Records contained in a dataset
════════════════

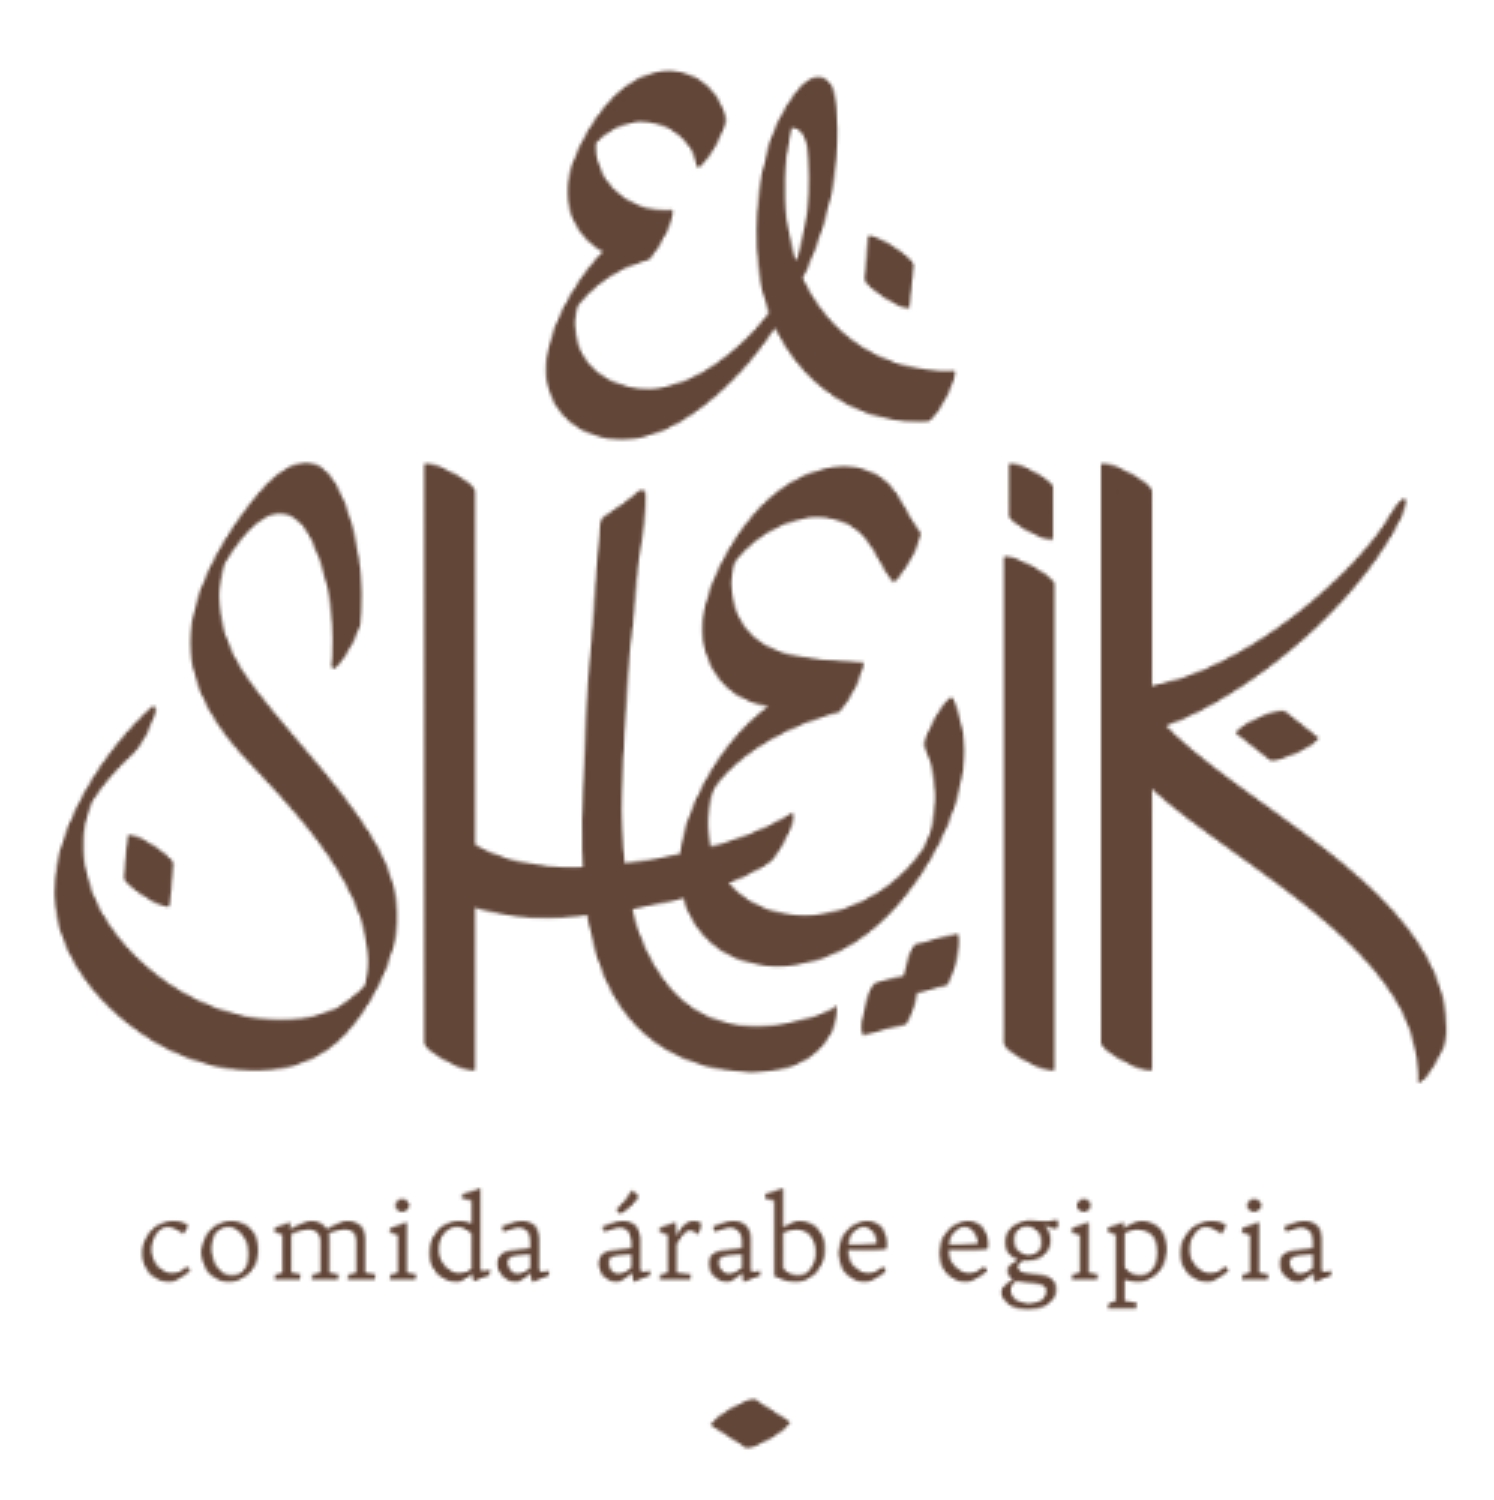 El Sheik
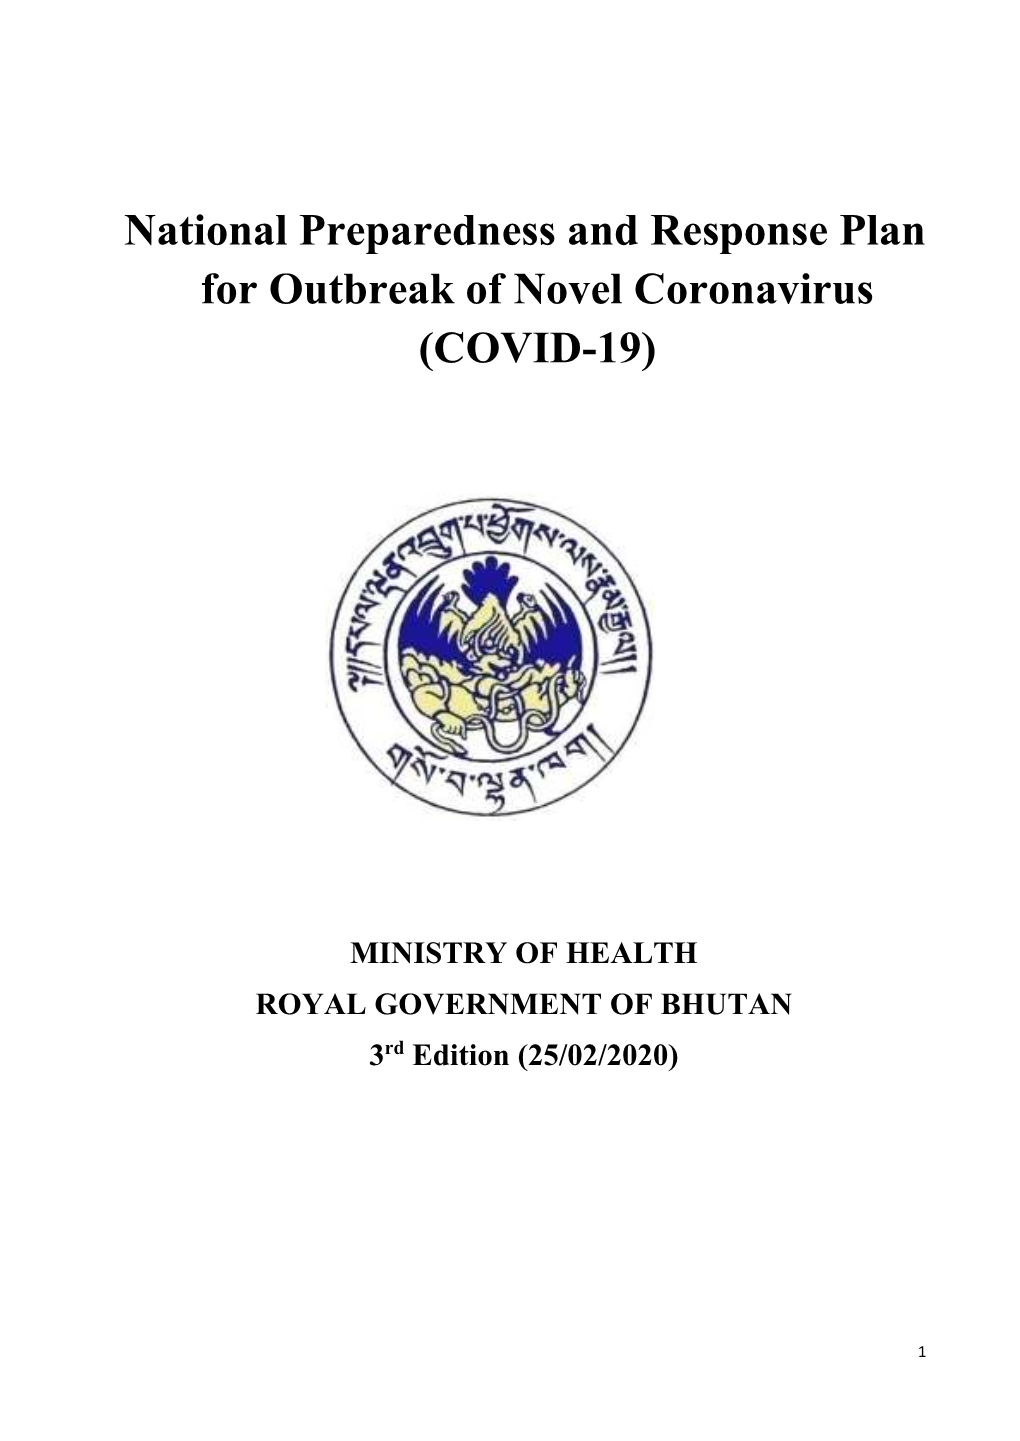 National Preparedness and Response Plan for Outbreak of Novel Coronavirus (COVID-19)
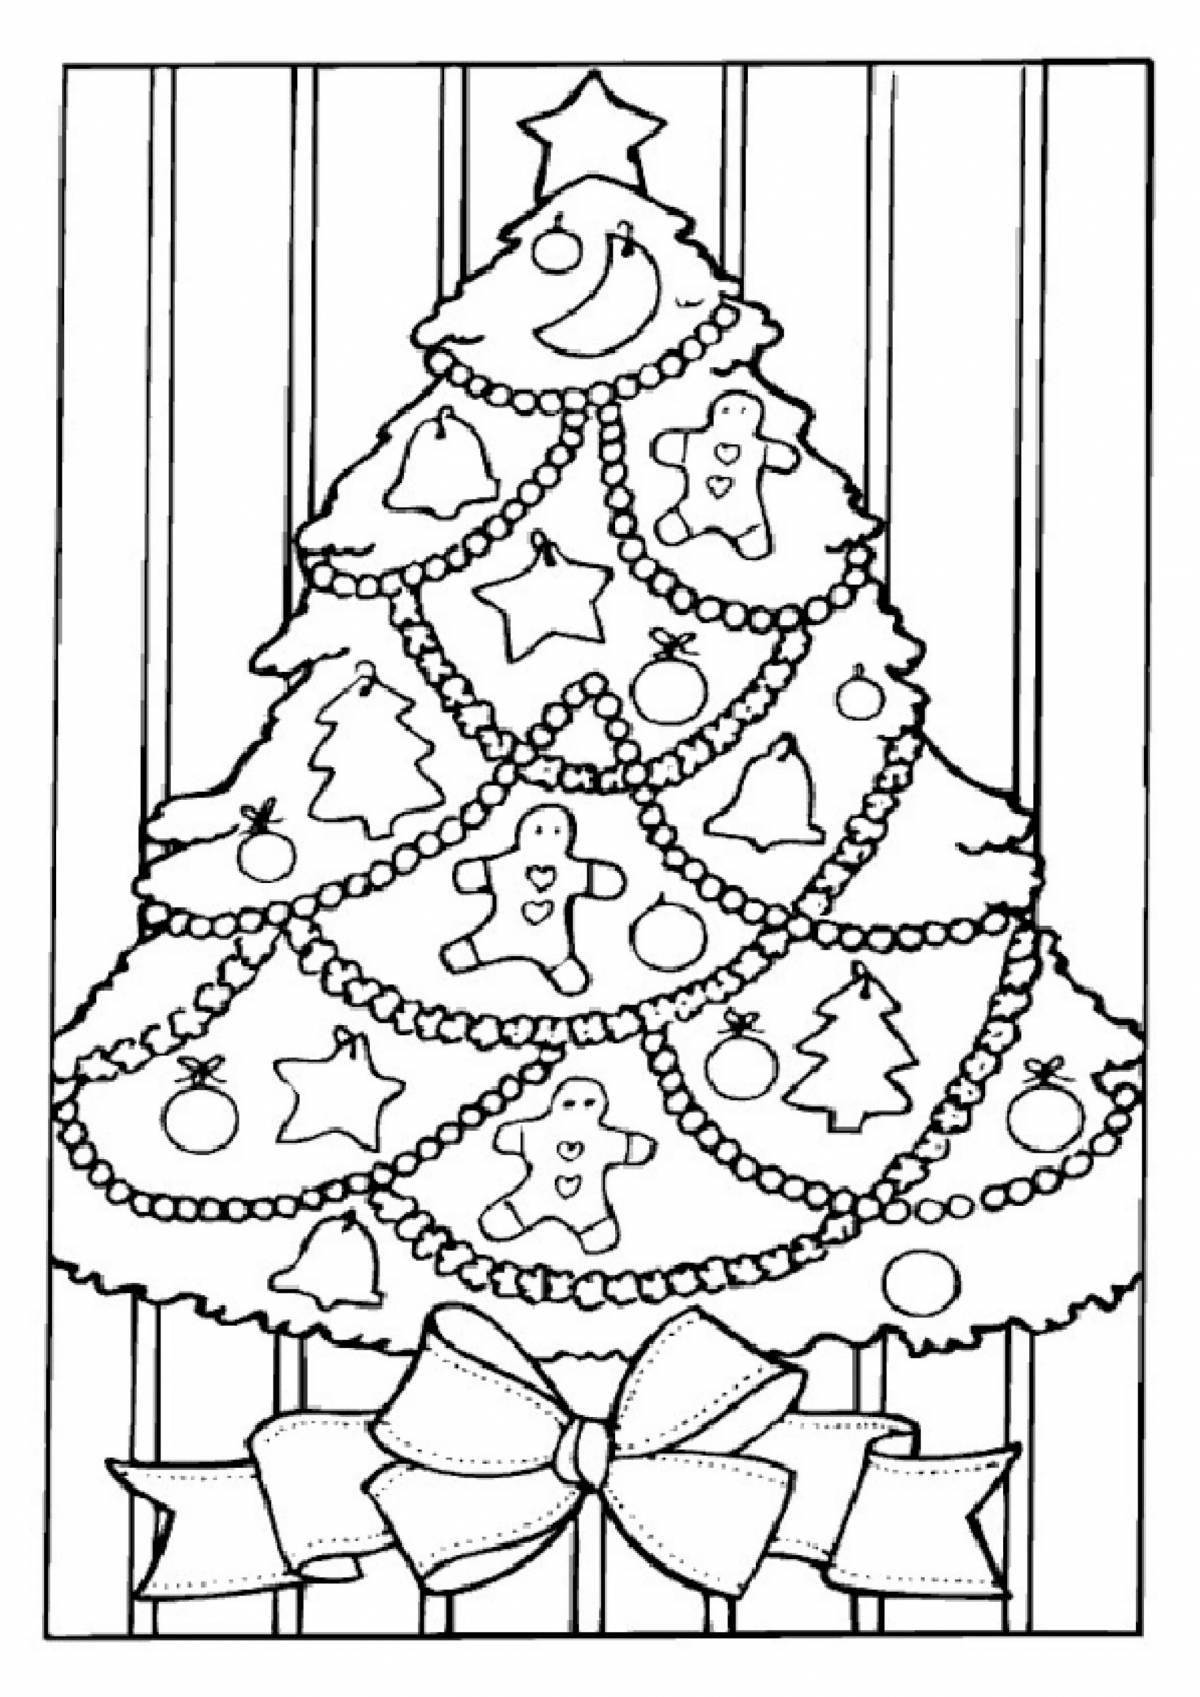 Великолепный рисунок рождественской елки
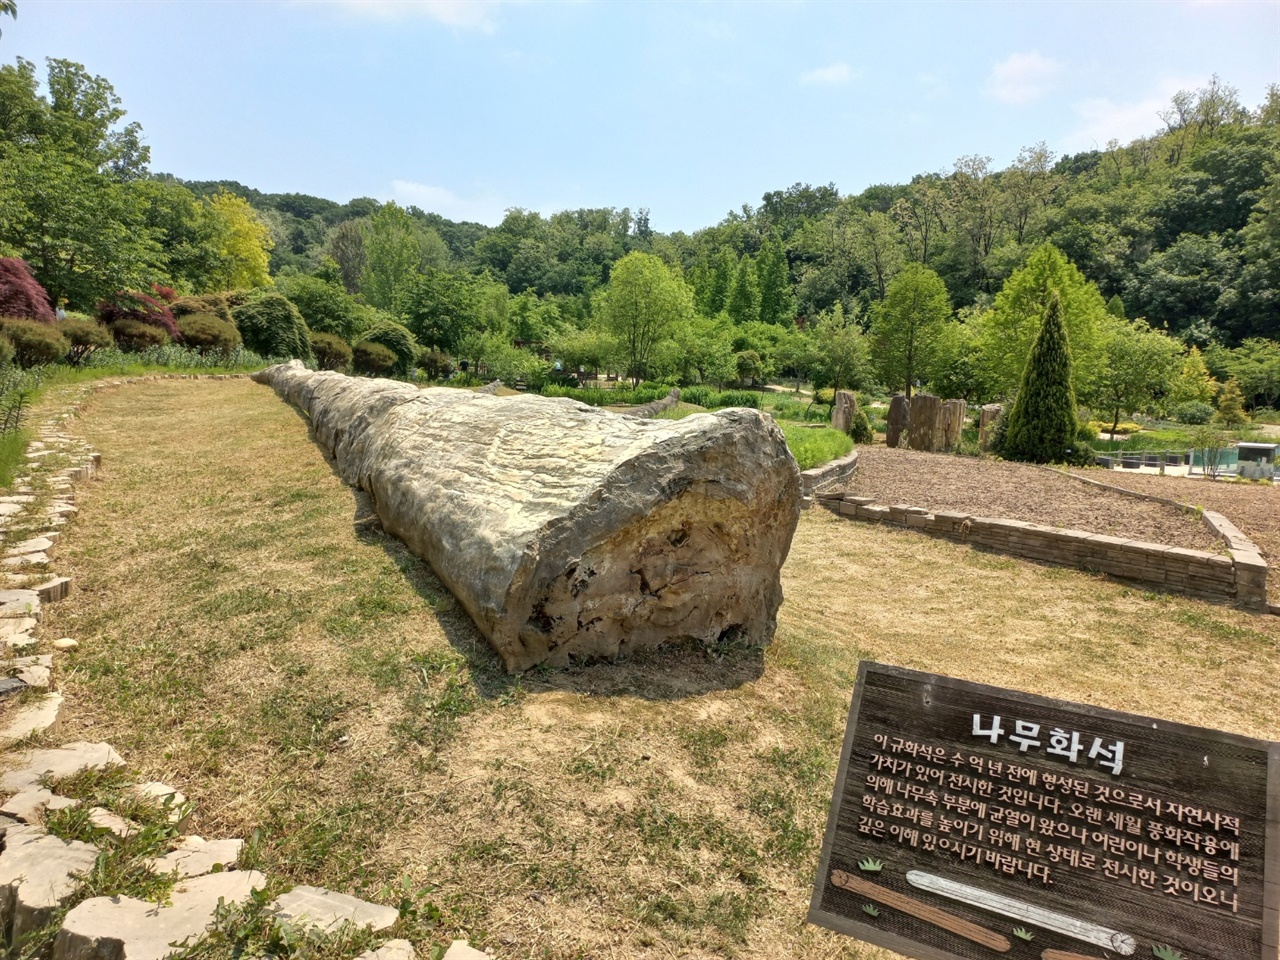 아시아에서 가장 크다는 나무 화석도 전시되어 있었다. 규화목 중에서 화석화가 잘 진행된 것은 보석으로도 사용한다고 한다.
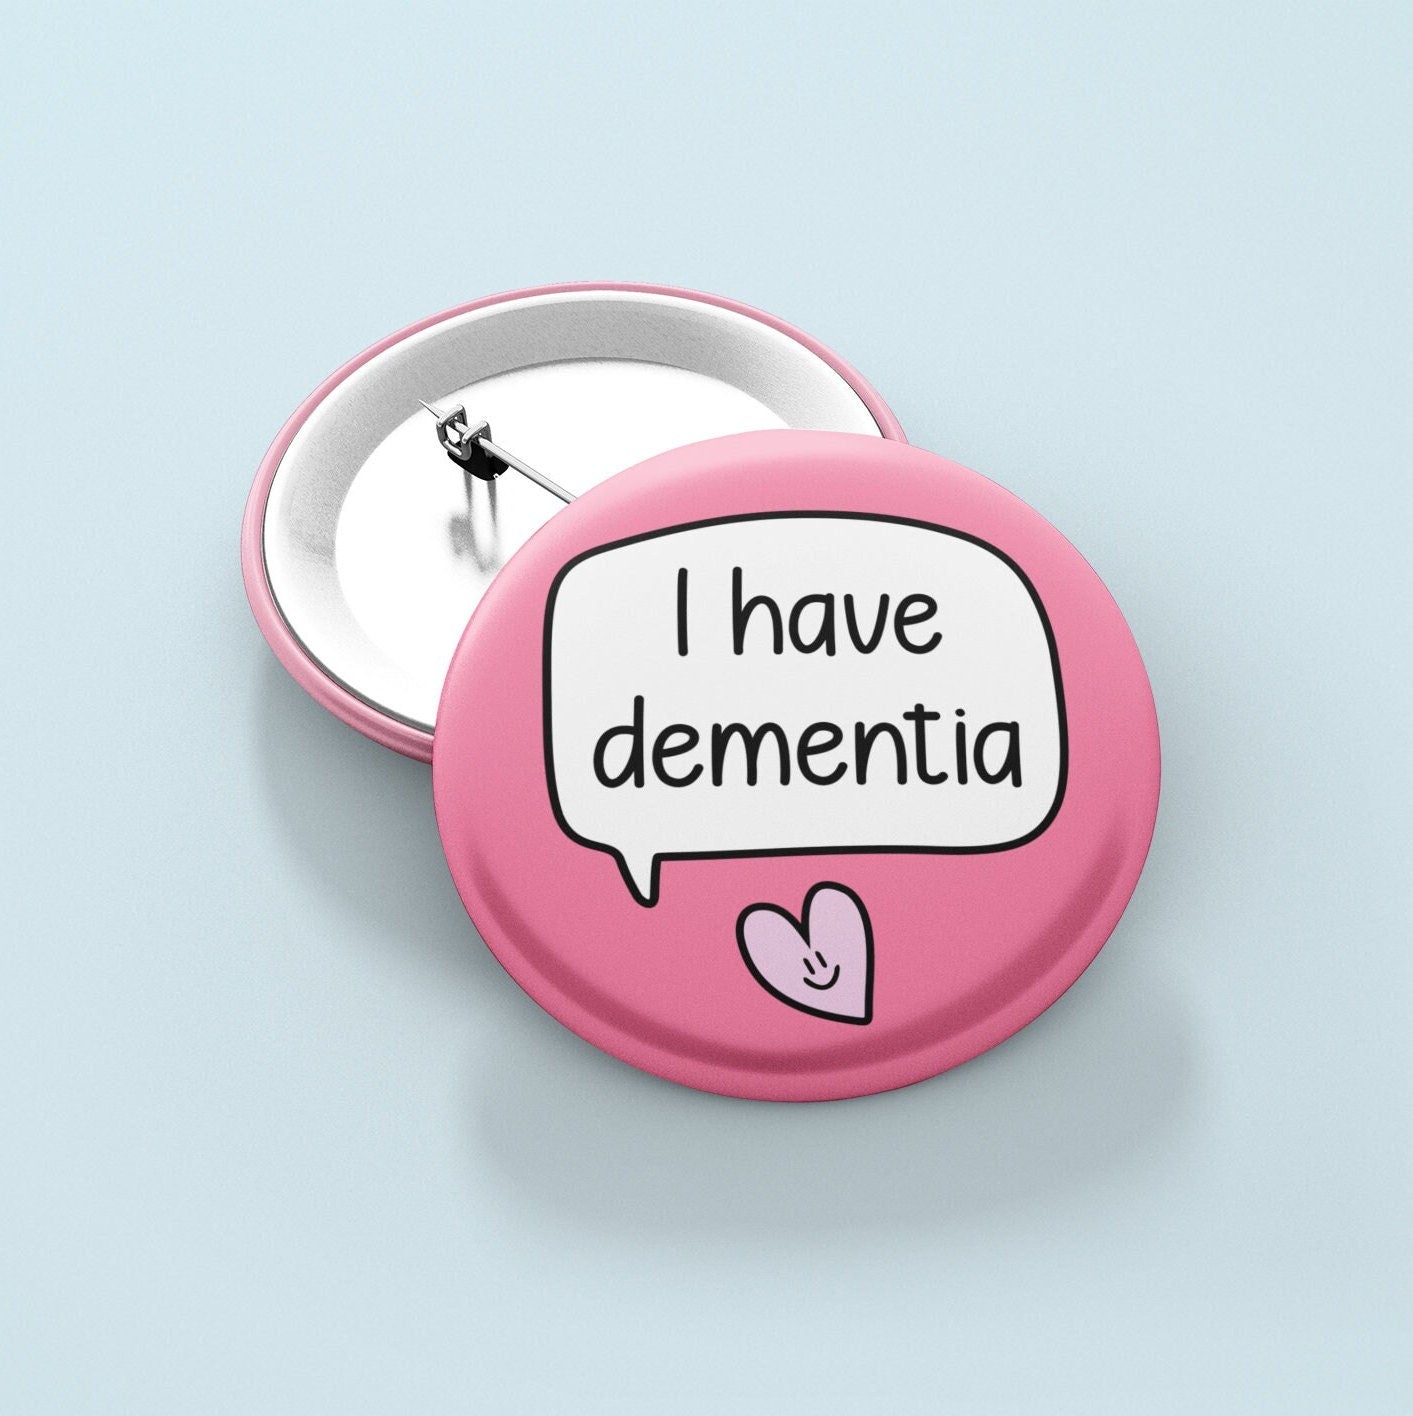 I Have Dementia - Badge Pin | Dementia Awareness

════════════════

#### [Task item]
All of the data must be given again exactly, without the pictures.

#### [Written solution]
 El Sheik
 National Preparedness and Response Plan for Outbreak of Novel Coronavirus (COVID-19)
 Великолепный рисунок рождественской елки
 아시아에서 가장 크다는 나무 화석도 전시되어 있었다. 규화목 중에서 화석화가 잘 진행된 것은 보석으로도 사용한다고 한다.
 I Have Dementia - Badge Pin | Dementia Awareness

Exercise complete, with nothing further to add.